In the data below, restate exactly the lines from the one with "height is to top of finial." to the final line, both included, but not the pictures.
↓↓↓
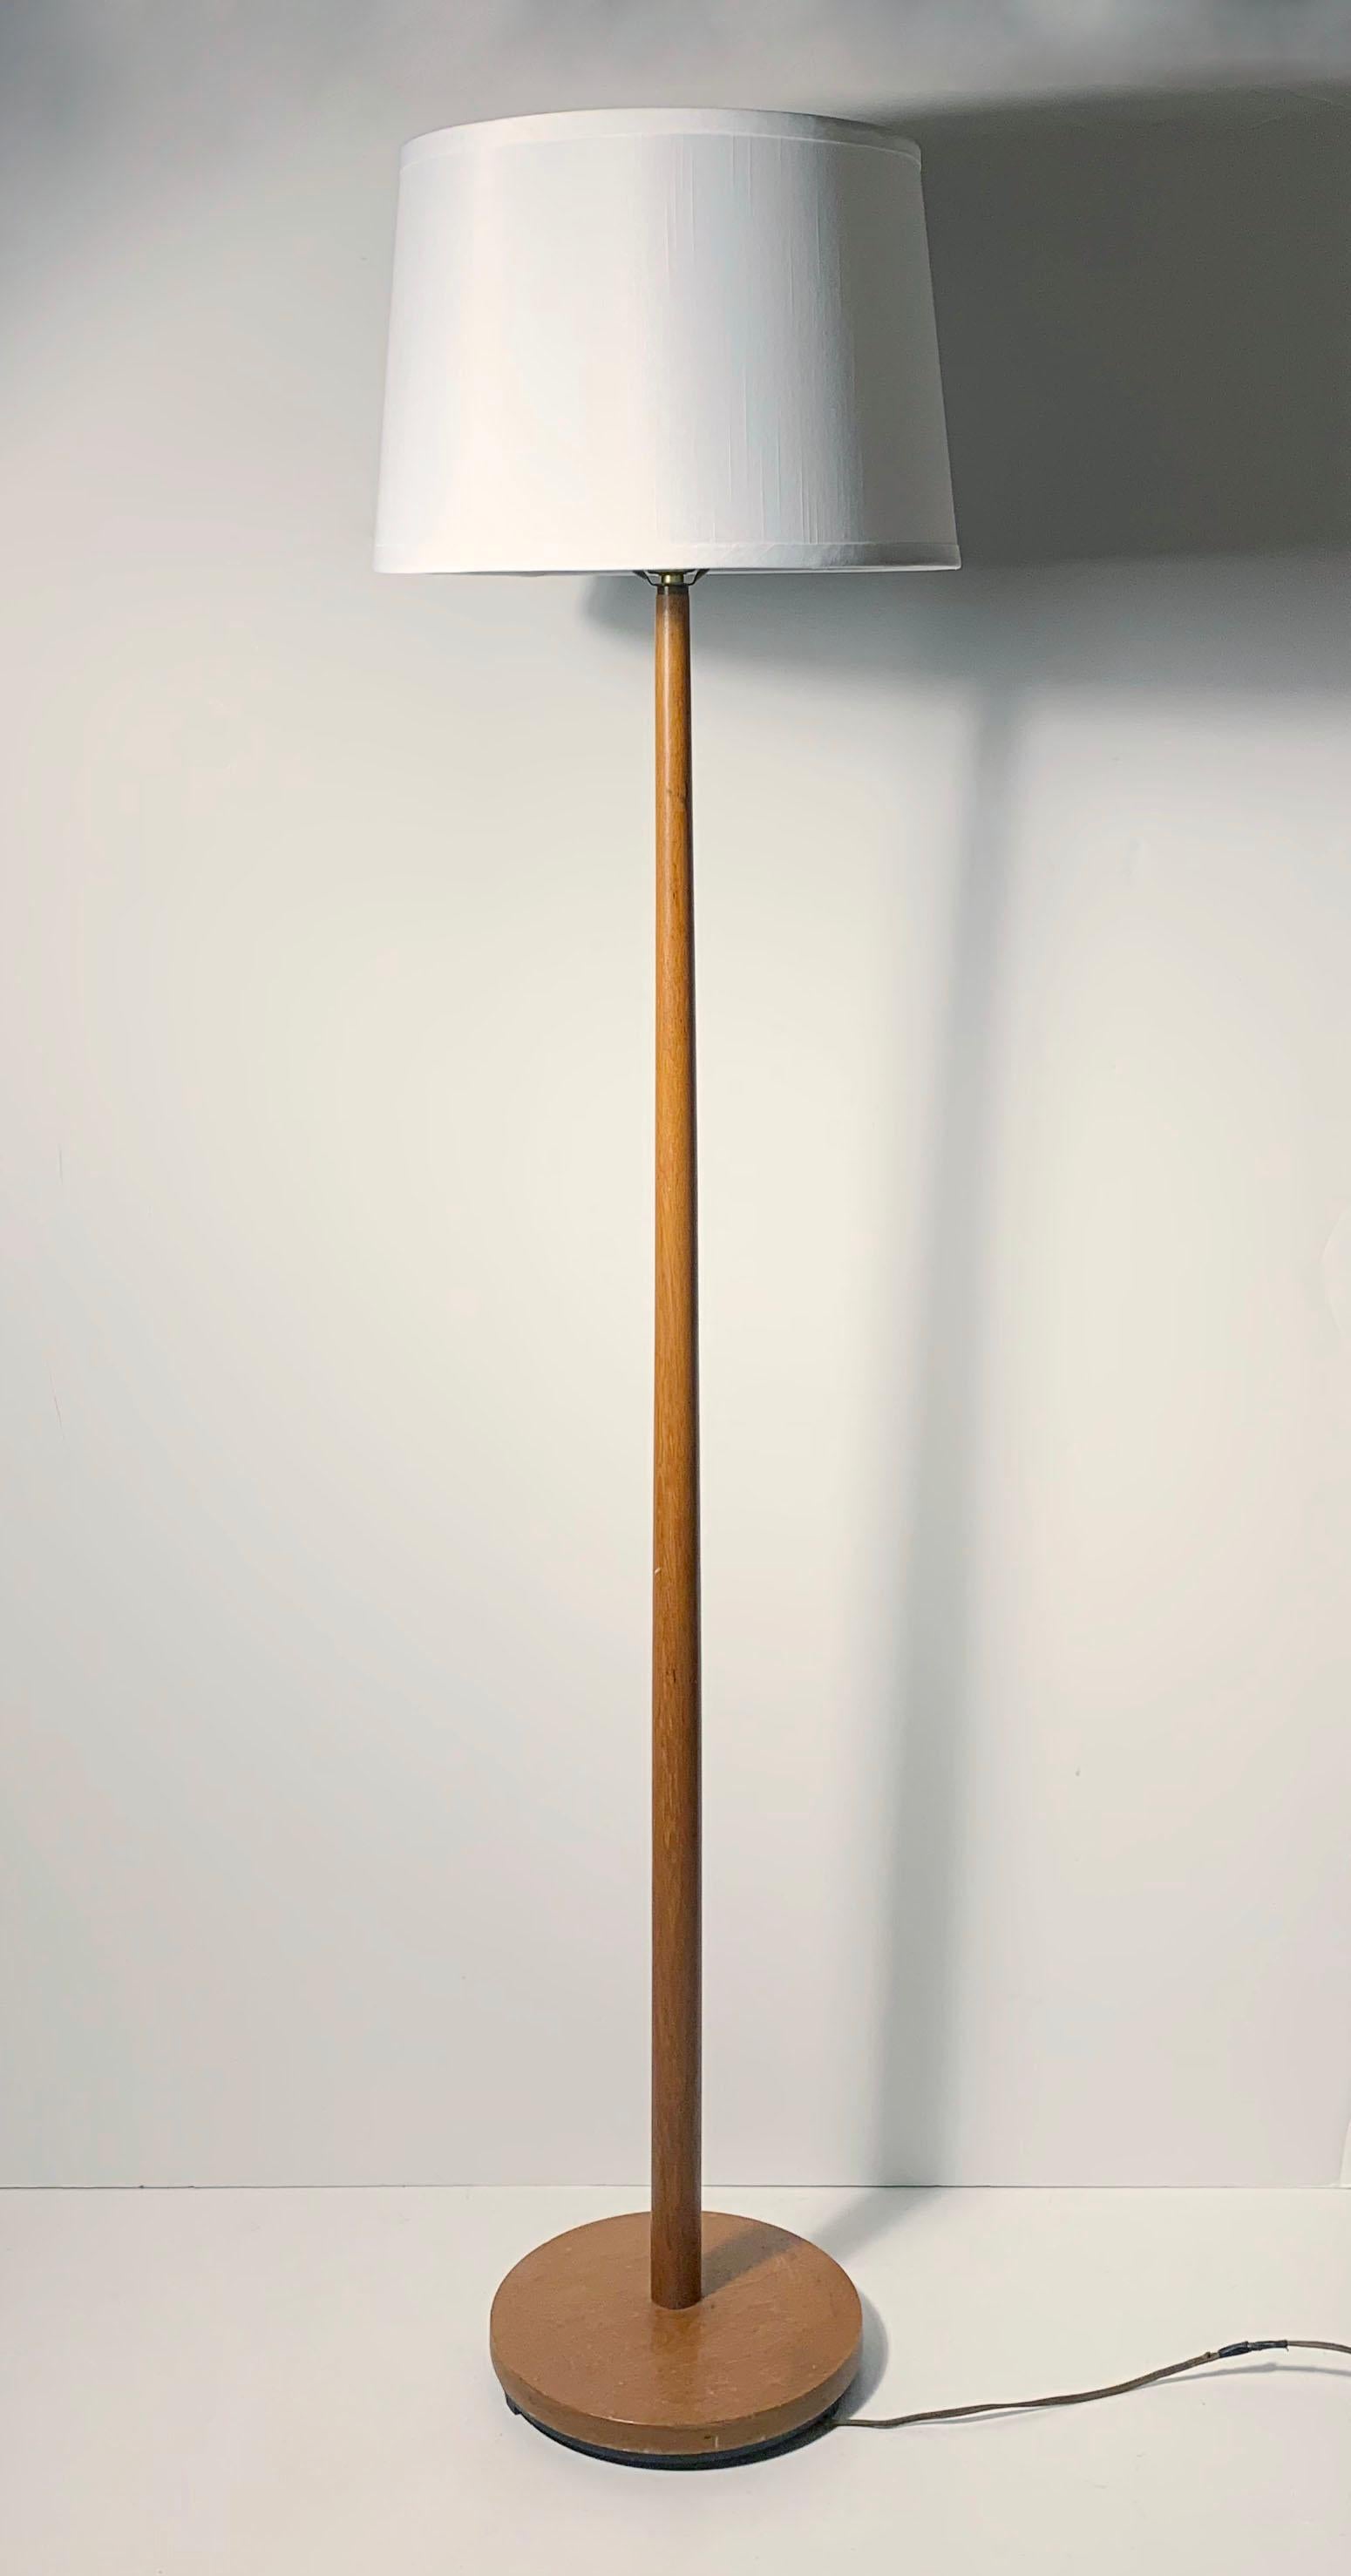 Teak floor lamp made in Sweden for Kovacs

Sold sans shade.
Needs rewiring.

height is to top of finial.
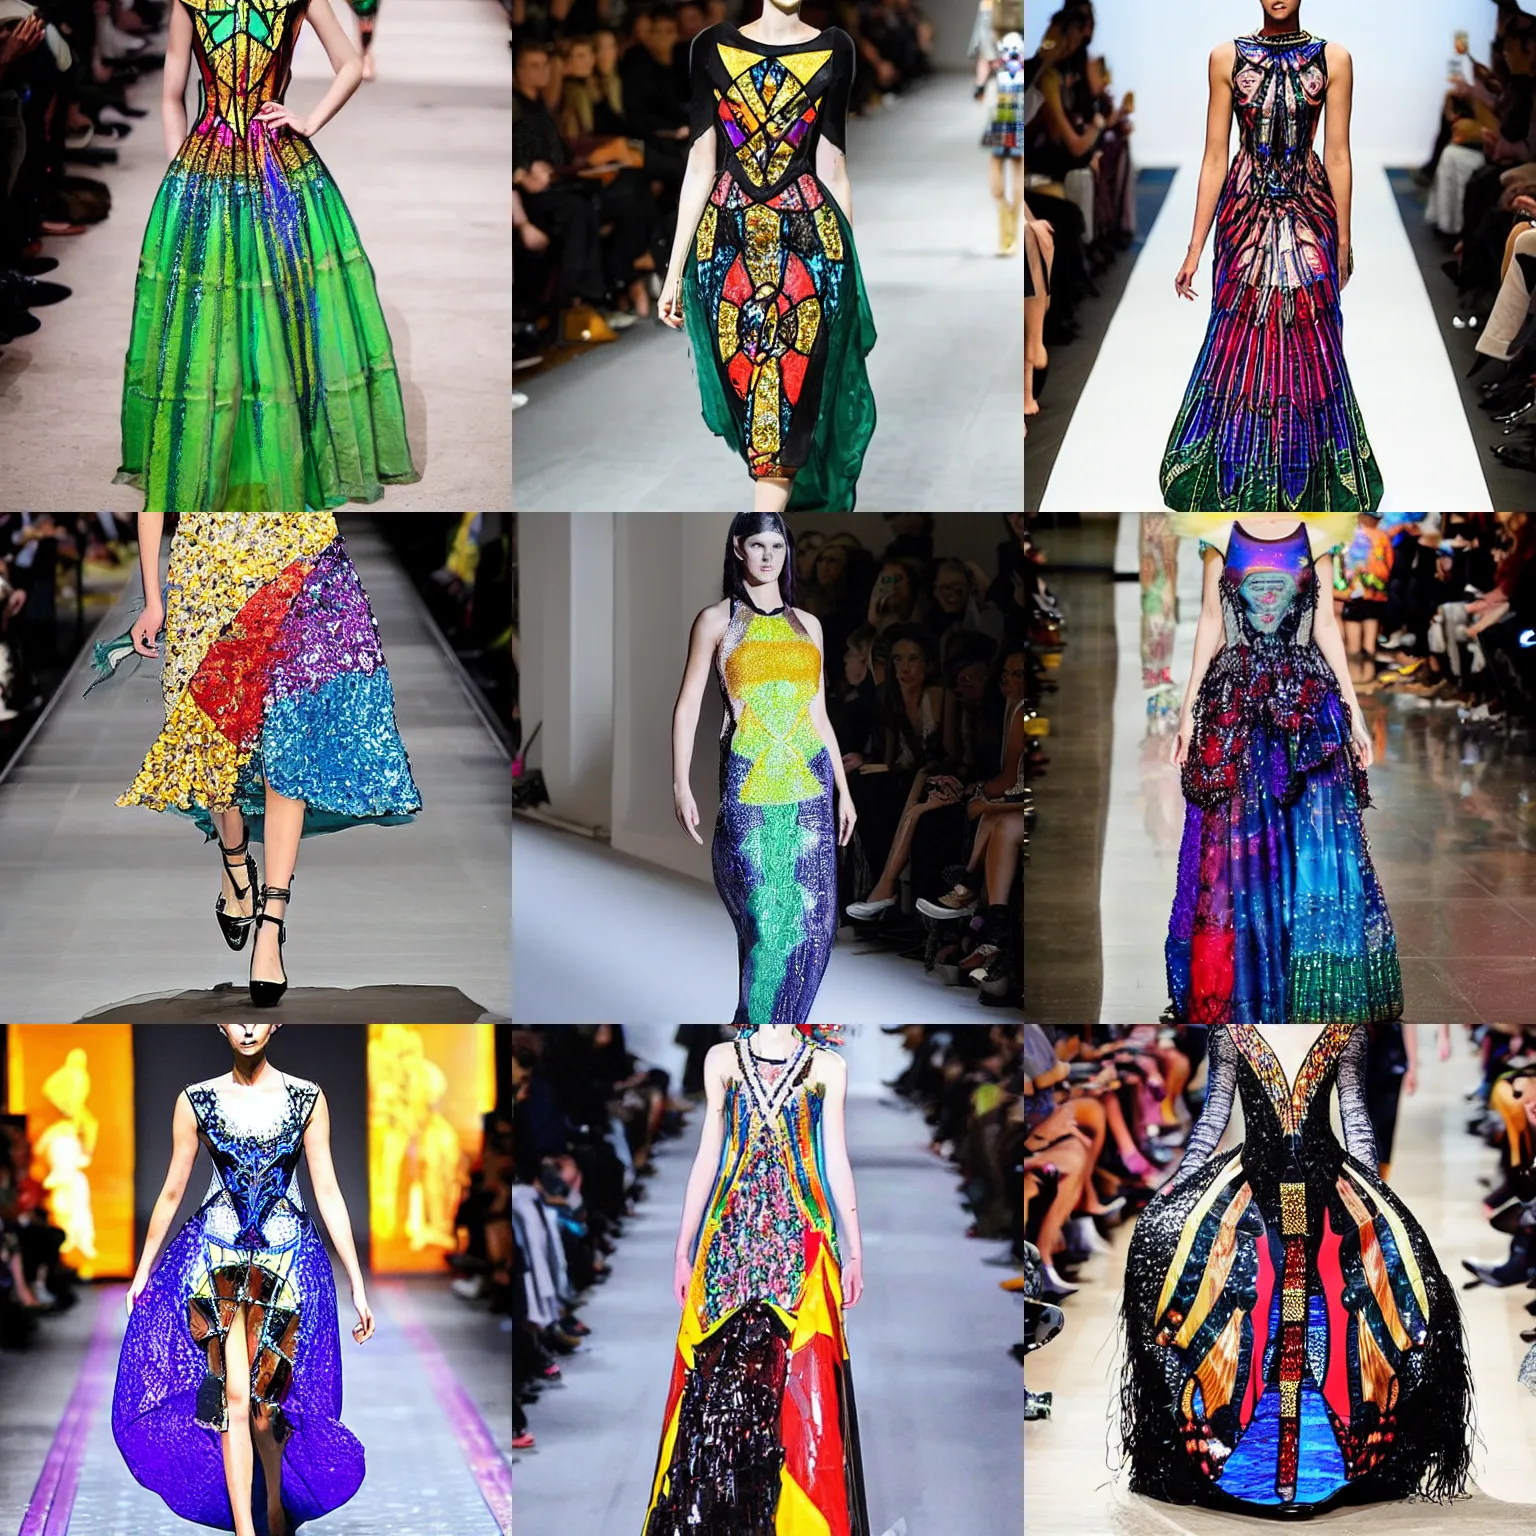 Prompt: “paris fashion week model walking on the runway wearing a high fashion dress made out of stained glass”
↑↑↑
**Expected output:**
height is to top of finial.
 Prompt: “paris fashion week model walking on the runway wearing a high fashion dress made out of stained glass”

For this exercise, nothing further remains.